Source Config (Stubs)
Source-specific config moved to WebhookSource CRDs (repoOverrides, defaults). The legacy endpoints remain as stubs to avoid frontend errors:
GET /api/config/sources → { "sources": [] }
GET /api/config/sources/:source → { "source": "{name}", "model": "", "effort": "" }
PUT /api/config/sources/:source → echoes the body
DELETE /api/config/sources/:source → { "removed": "{name}" }
Stats
| Endpoint | Description |
|---|---|
GET /api/stats | Aggregated counts by type, model, repo, plus totals. Computed from in-memory IR cache. |
GET /api/stats/timeseries | Proxies queries to PROMETHEUS_URL. |
Uploads
PDF / file uploads stored under WORKSPACE_DIR/uploads. Used by the dashboard for pipeline runs.
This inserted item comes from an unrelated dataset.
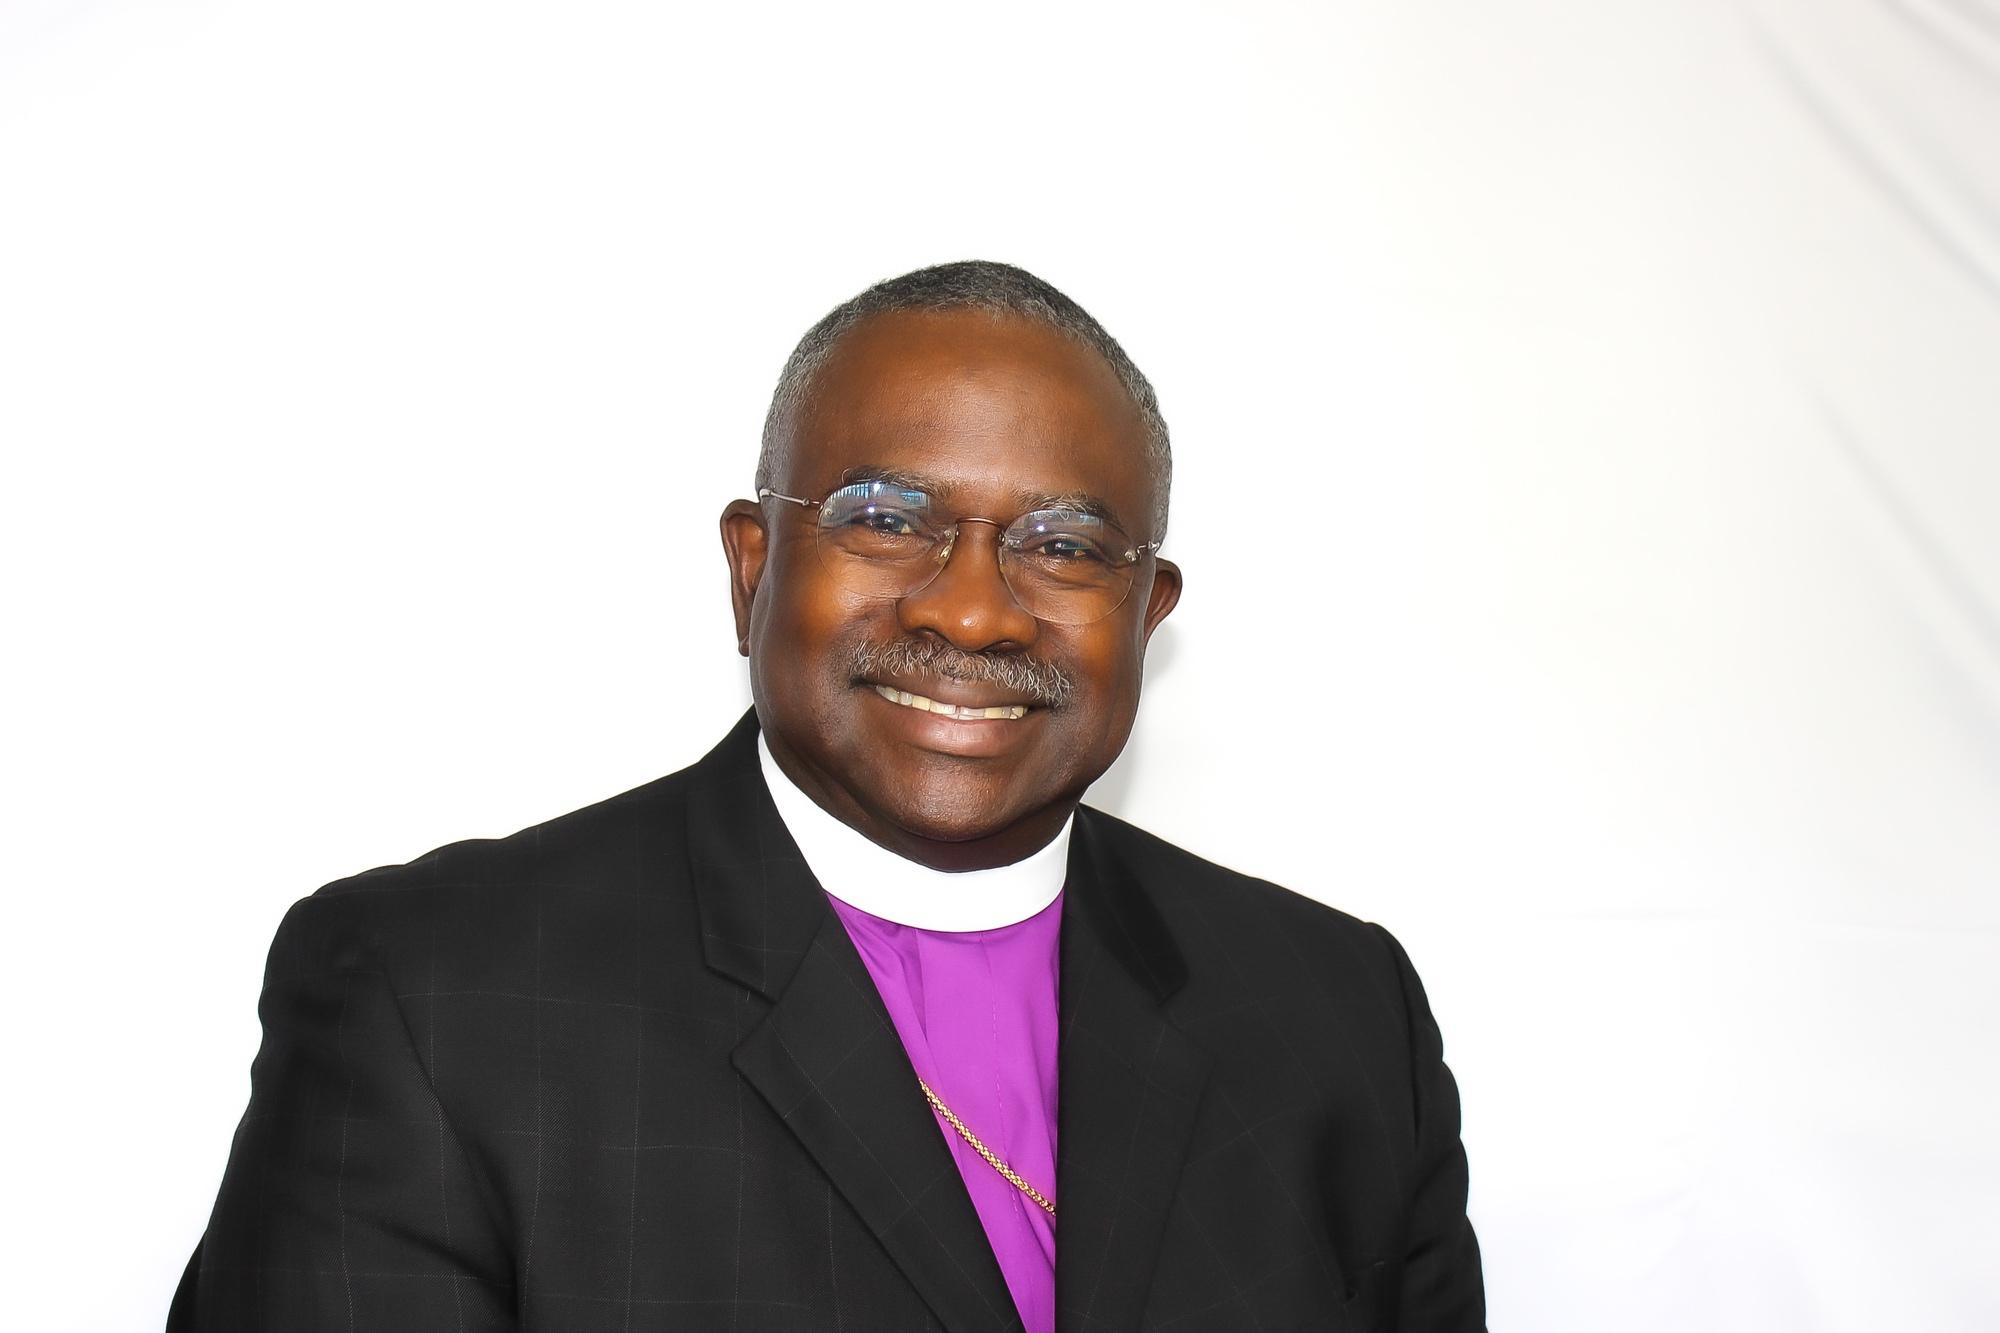 Pastor Jessie

| Endpoint | Description |
|---|---|
GET /api/uploads | List. |
POST /api/uploads | multipart/form-data with field file (PDF, max 100 MB). |
DELETE /api/uploads/:id | Remove. |
POST /api/uploads/:id/extract | Submit a pdf-sections pipeline IR. Body: prompt?, model?, effort?. Returns { "jobId": "ir-…" }. |
Workspace Uploads (RWX PVC)
Files made available to executor Jobs via the shared uploads PVC.
| Endpoint | Auth | Description |
|---|---|---|
POST /api/workspace-uploads | API key | Upload a file into UPLOADS_DIR/{id}/{name} (referenced by workspaceUploads in IR specs). |
GET /api/workspace-uploads/:id/:name/raw | API key | Download a workspace upload file. |
GET /api/workspace-uploads | JWT | Dashboard listing of files in the PVC. |
DELETE /api/workspace-uploads/:id | JWT | Delete a workspace upload (dashboard). |
Models
Manage local inference model files on the models-cache PVC.
| Endpoint | Description |
|---|---|
GET /api/models | List configured models (from AiConfig provider settings) and the PVC name. |
POST /api/models/scan | Trigger a k8s Job to scan the models PVC for downloaded files. 30-second cache. |
POST /api/models/download | Download a model file to the PVC. Body: { "provider", "model", "url" }. URL must match a configured model. |
GET /api/models/jobs | List model operation jobs (download, delete — excludes scan jobs). |
GET /api/models/jobs/:name/logs | Read logs from a completed model operation job. |
DELETE /api/models/:provider/:filename | Delete a model file from the PVC (creates a k8s Job). |
Auth
| Endpoint | Description |
|---|---|
GET /api/auth/oidc | Start Authelia OIDC login (sets state cookie, redirects). |
GET /api/auth/oidc/callback | Exchange code → set auth_token cookie → redirect. |
GET /api/auth/me | Returns user object or null, plus app version string. |
POST /api/auth/logout | Clear auth_token. |
Event Ingest
POST /api/events/ingest
Authorization: Bearer {api-key}
Content-Type: application/json
Body: { "source": "github", "event": "pull_request.opened", "payload": {...} }. Each agent with a matching enabled eventTriggers entry yields one IR.
Response: { "matched": n, "jobs": [{ "jobId", "agent" }, ...] }.
Webhooks
POST /api/webhooks/github
X-Hub-Signature-256: sha256=…
X-GitHub-Event: {event}
HMAC-verified GitHub webhook receiver. Resolves the WebhookSource CR (type github), reads the secret, normalizes the event, and creates IRs for matched agents. See GitHub Integration.
Callback Webhooks
When an IR has a callbackUrl, the engine POSTs at lifecycle points. Payloads are intentionally minimal — fetch full state via GET /api/jobs/:id.
{ "jobId": "ir-…", "phase": "in_progress", "metadata": {...} }
{ "jobId": "ir-…", "phase": "completed", "metadata": {...} }
{ "jobId": "ir-…", "phase": "failed", "details": "...", "metadata": {...} }
details only present on failed. Callbacks have a 10-second timeout and never affect IR status.